PROMPT: Everything in the listing below must be reproduced exactly, apart from its images.

THE DATA:
-=-=-

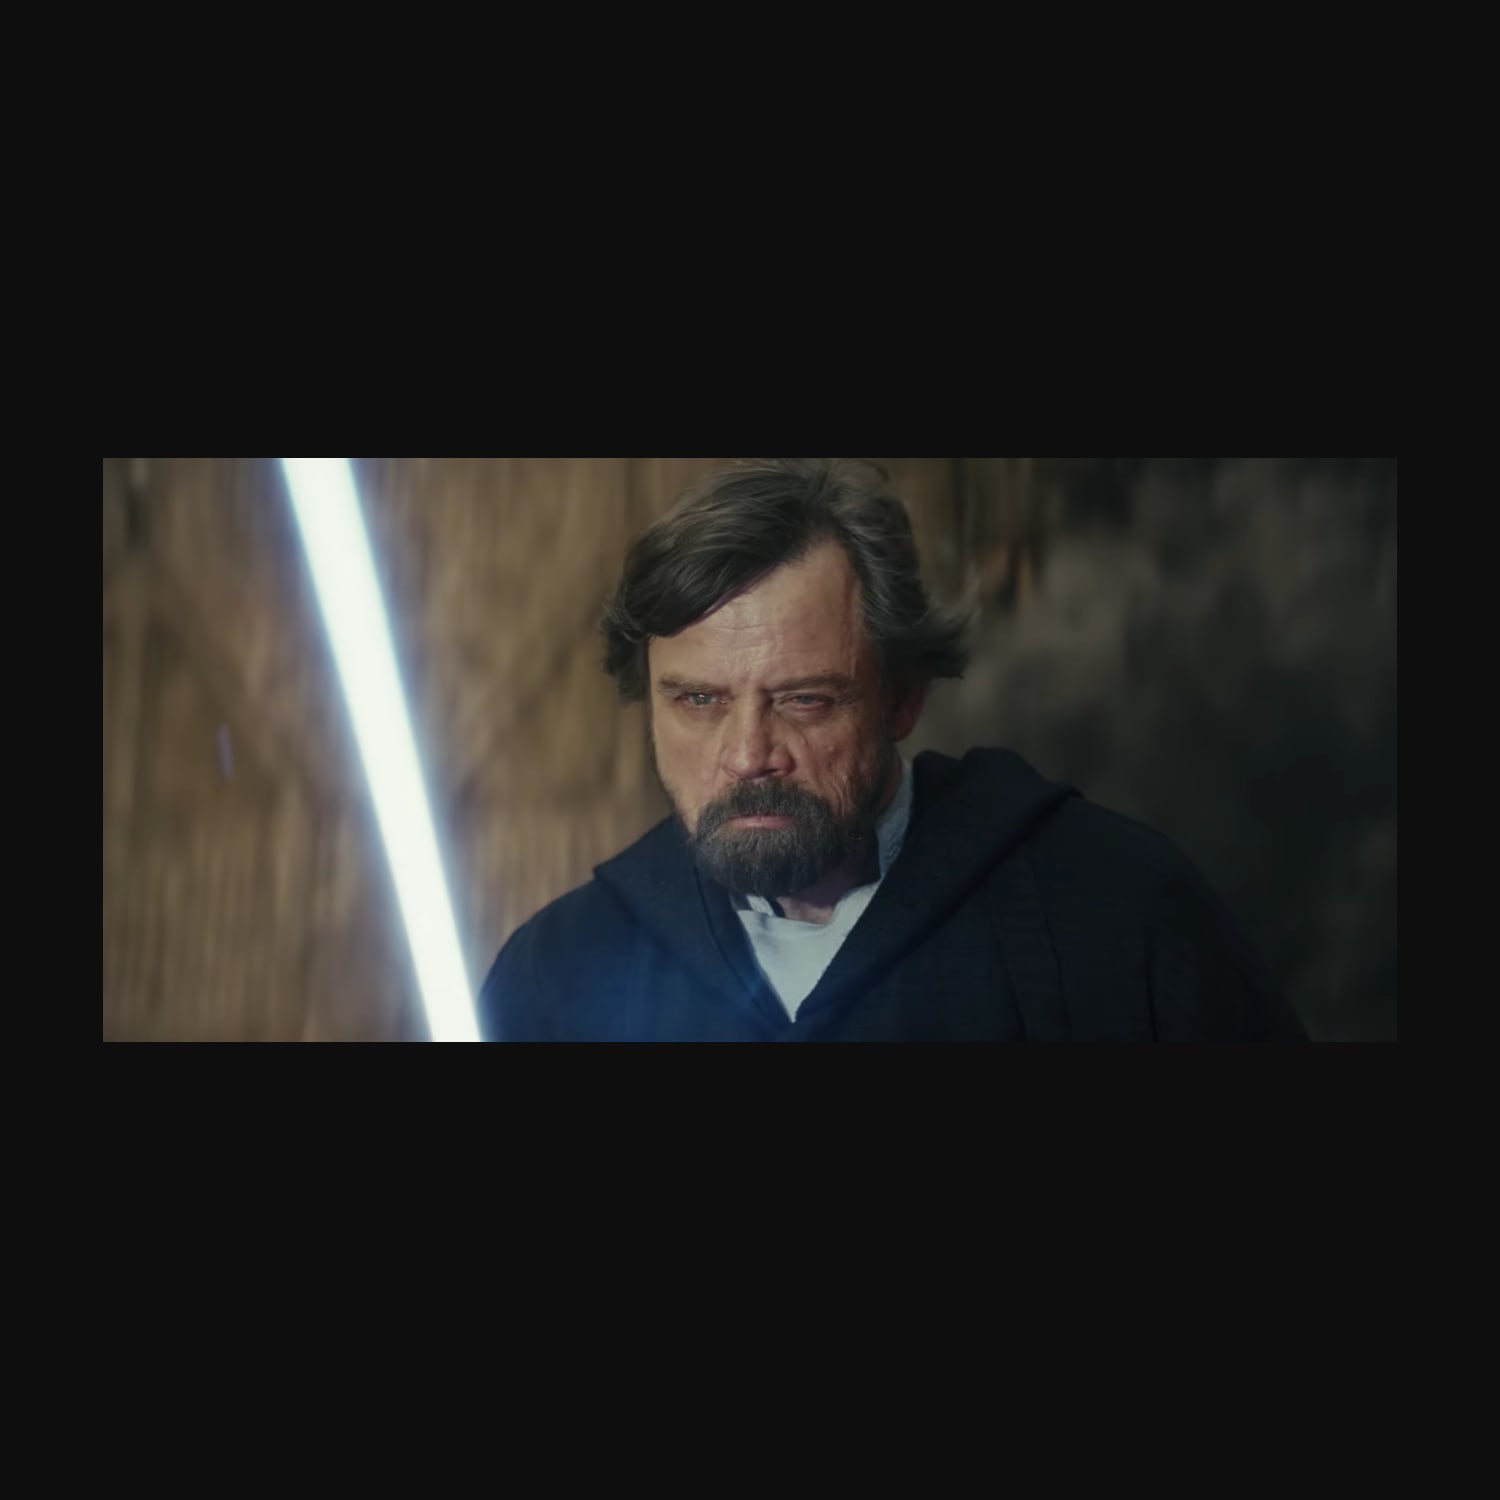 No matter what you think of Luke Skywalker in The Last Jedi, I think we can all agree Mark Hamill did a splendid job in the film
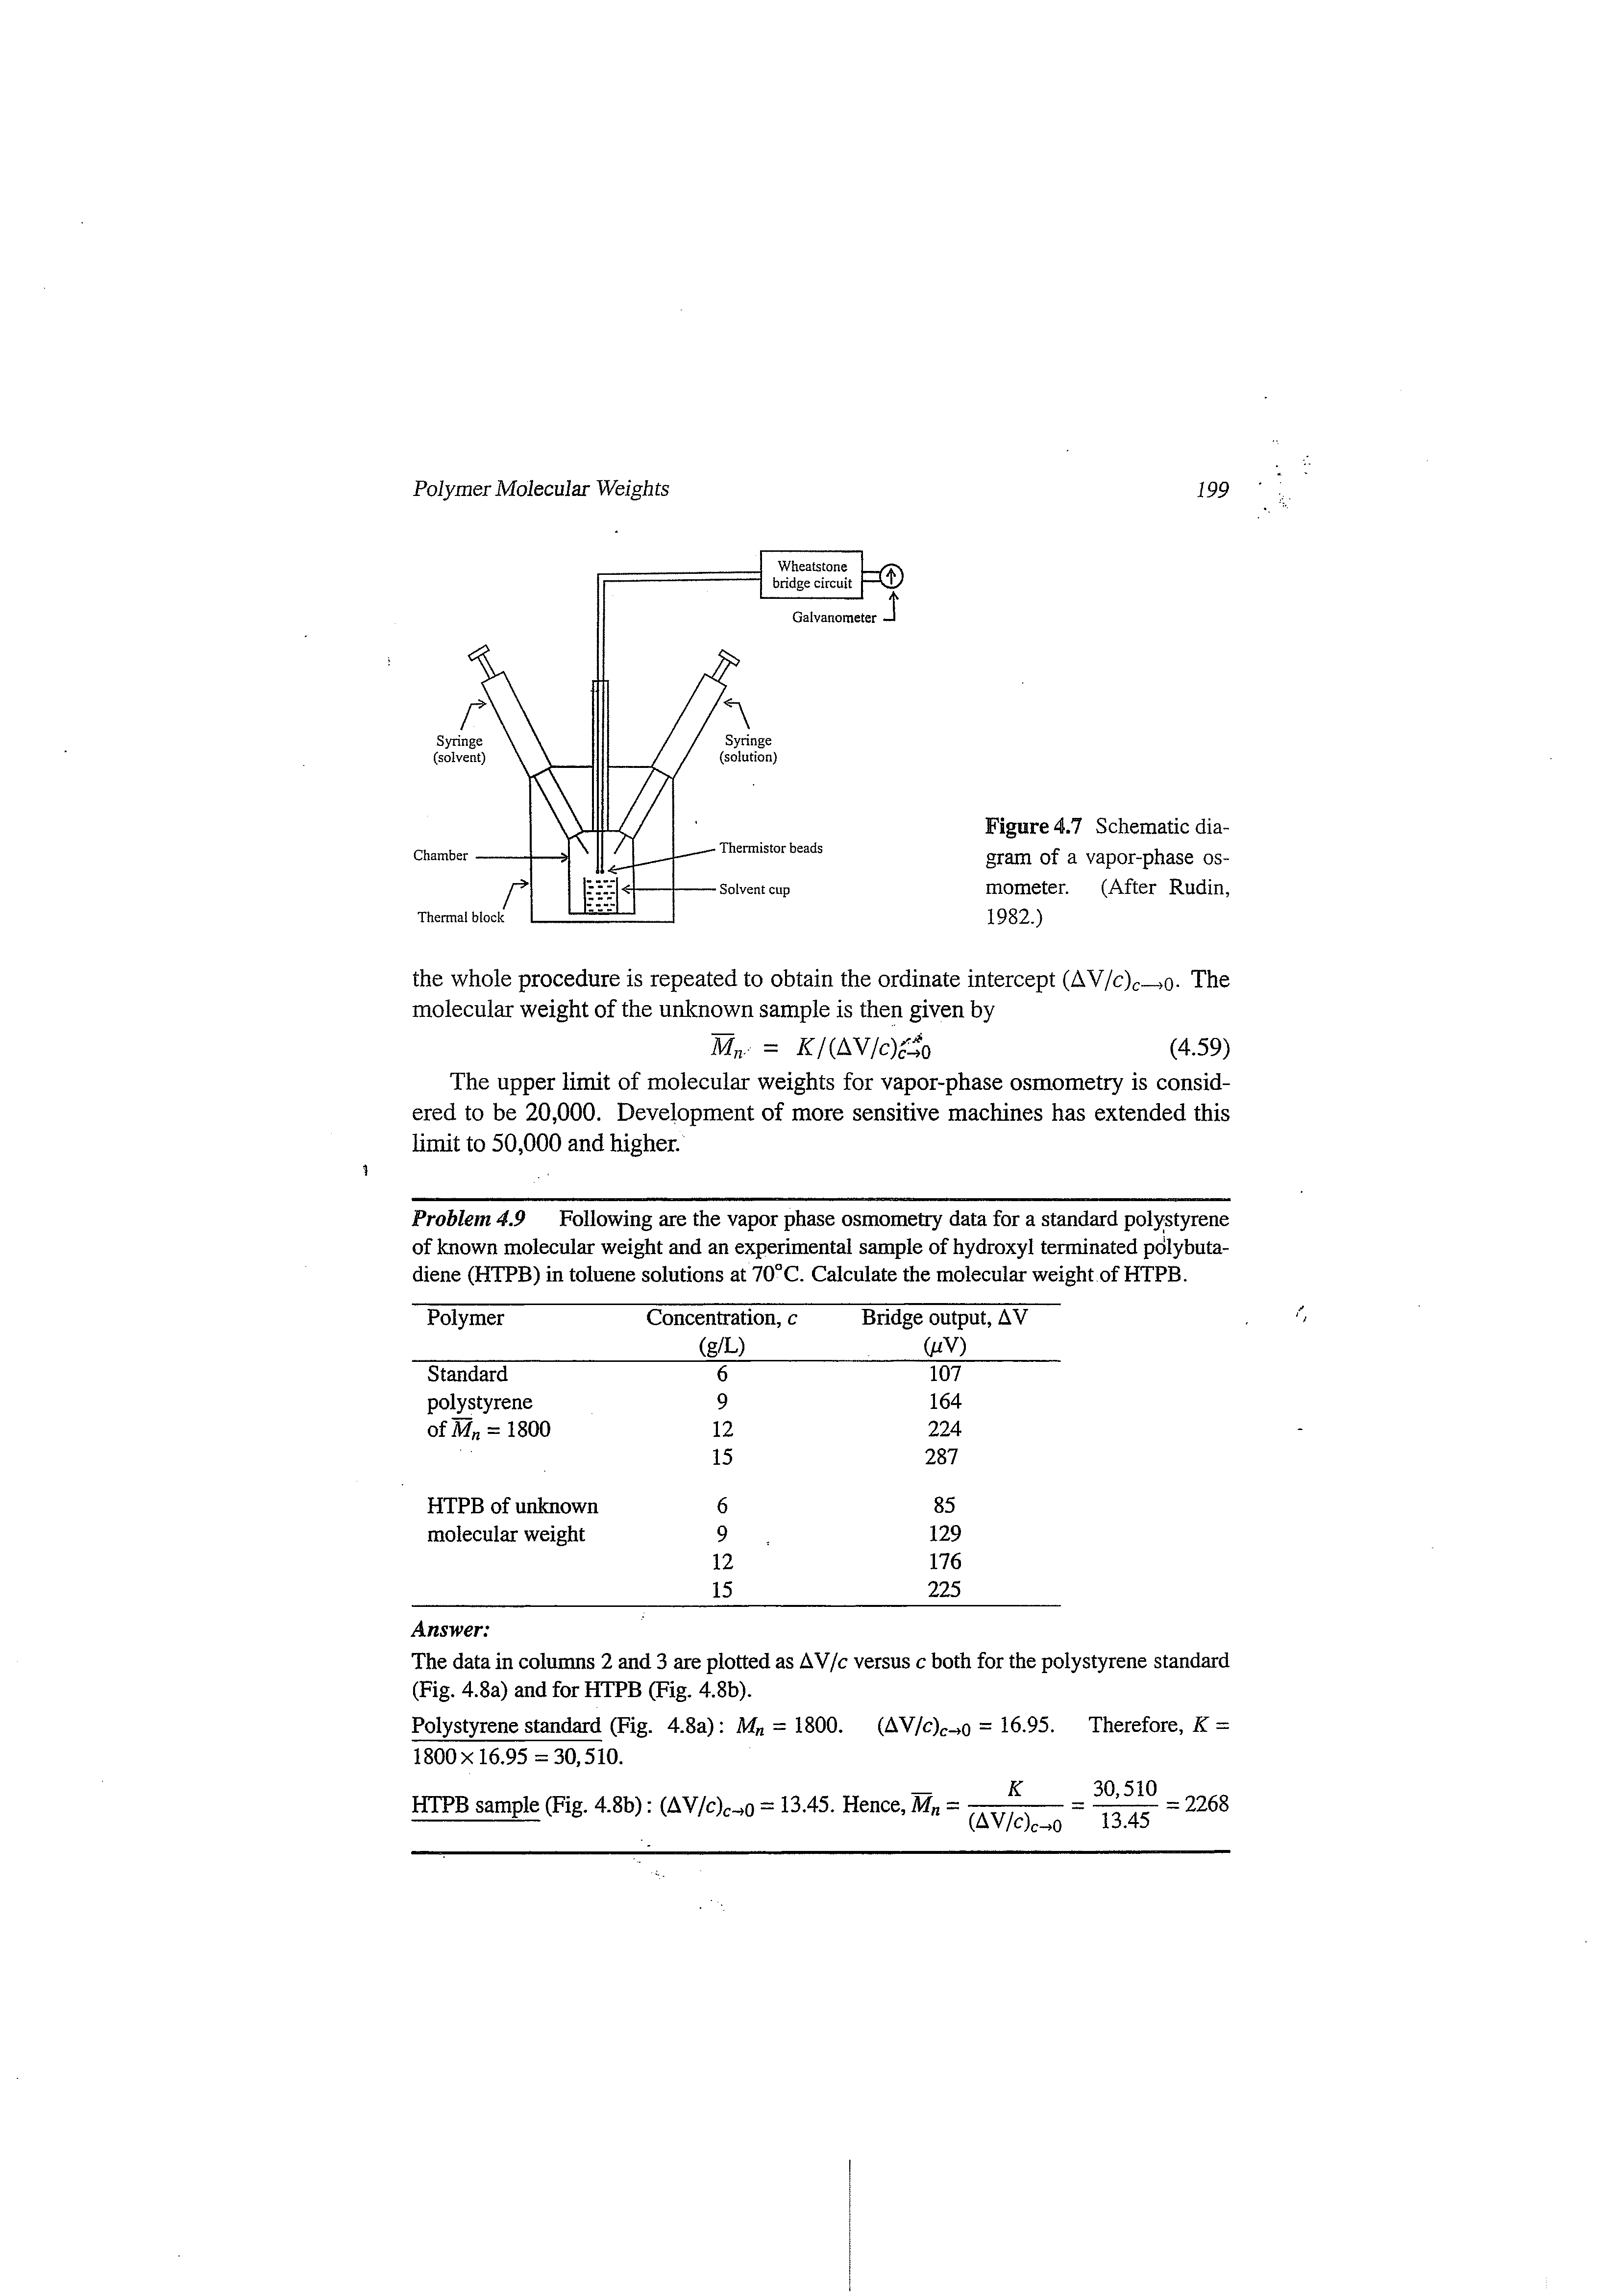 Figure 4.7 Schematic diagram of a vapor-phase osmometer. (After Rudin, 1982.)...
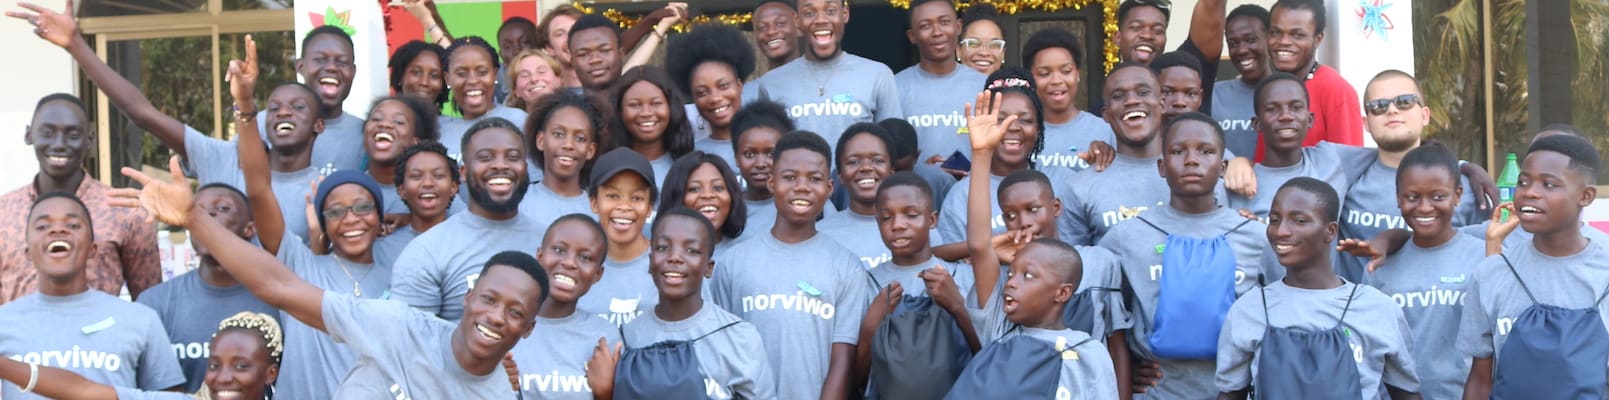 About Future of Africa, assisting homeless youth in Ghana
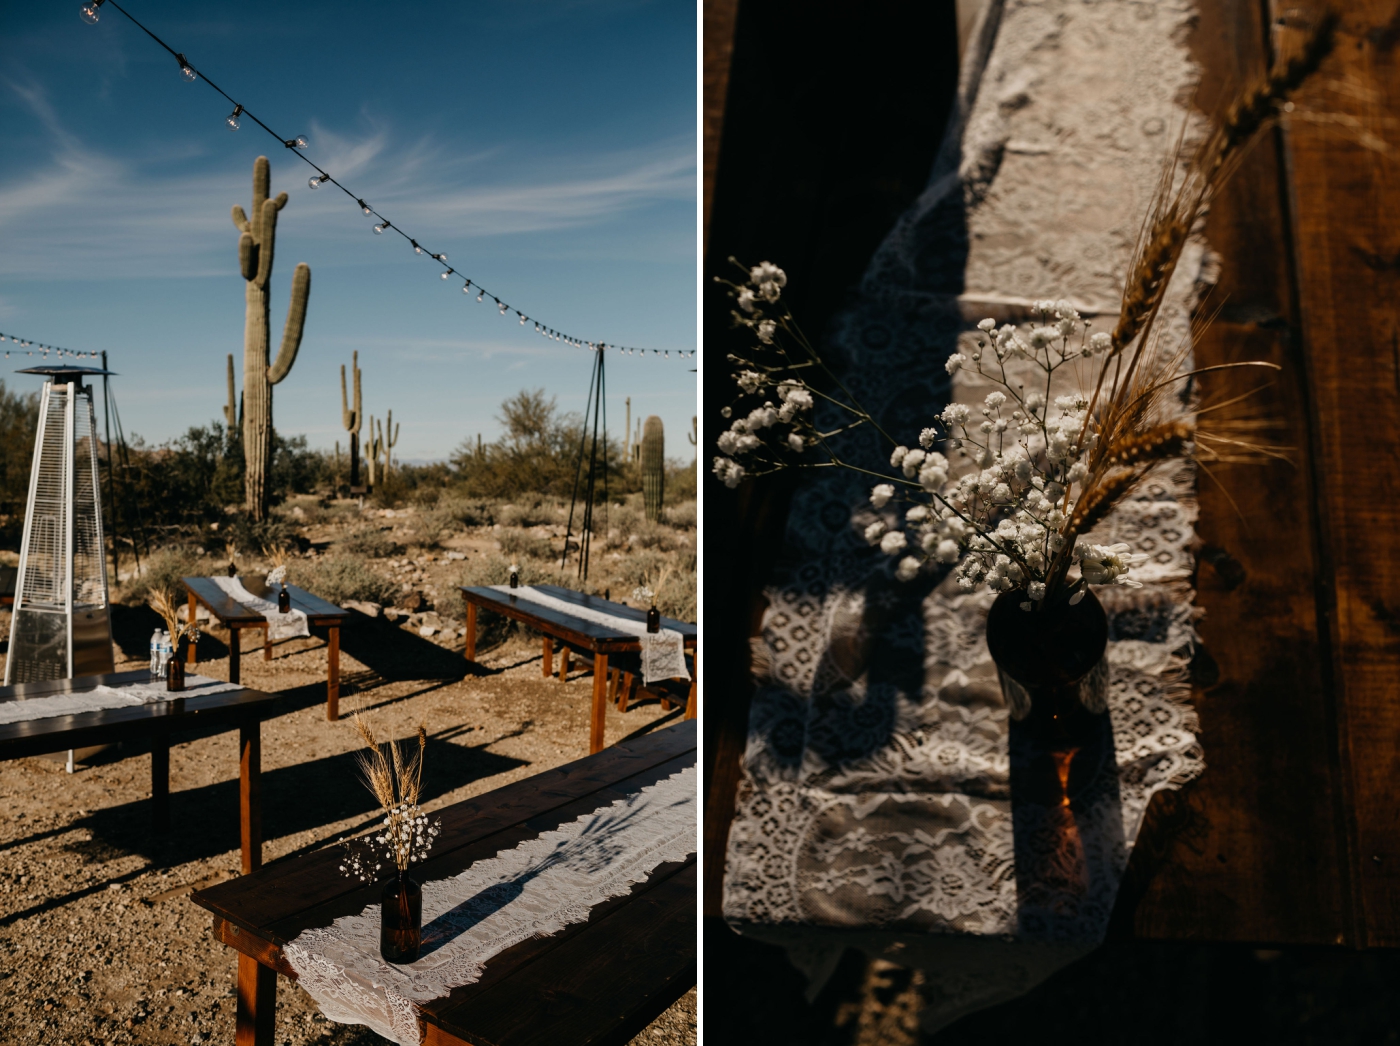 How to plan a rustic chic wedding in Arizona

-=-=-

ANSWER BELOW:
 No matter what you think of Luke Skywalker in The Last Jedi, I think we can all agree Mark Hamill did a splendid job in the film
 Figure 4.7 Schematic diagram of a vapor-phase osmometer. (After Rudin, 1982.)...
 About Future of Africa, assisting homeless youth in Ghana
 How to plan a rustic chic wedding in Arizona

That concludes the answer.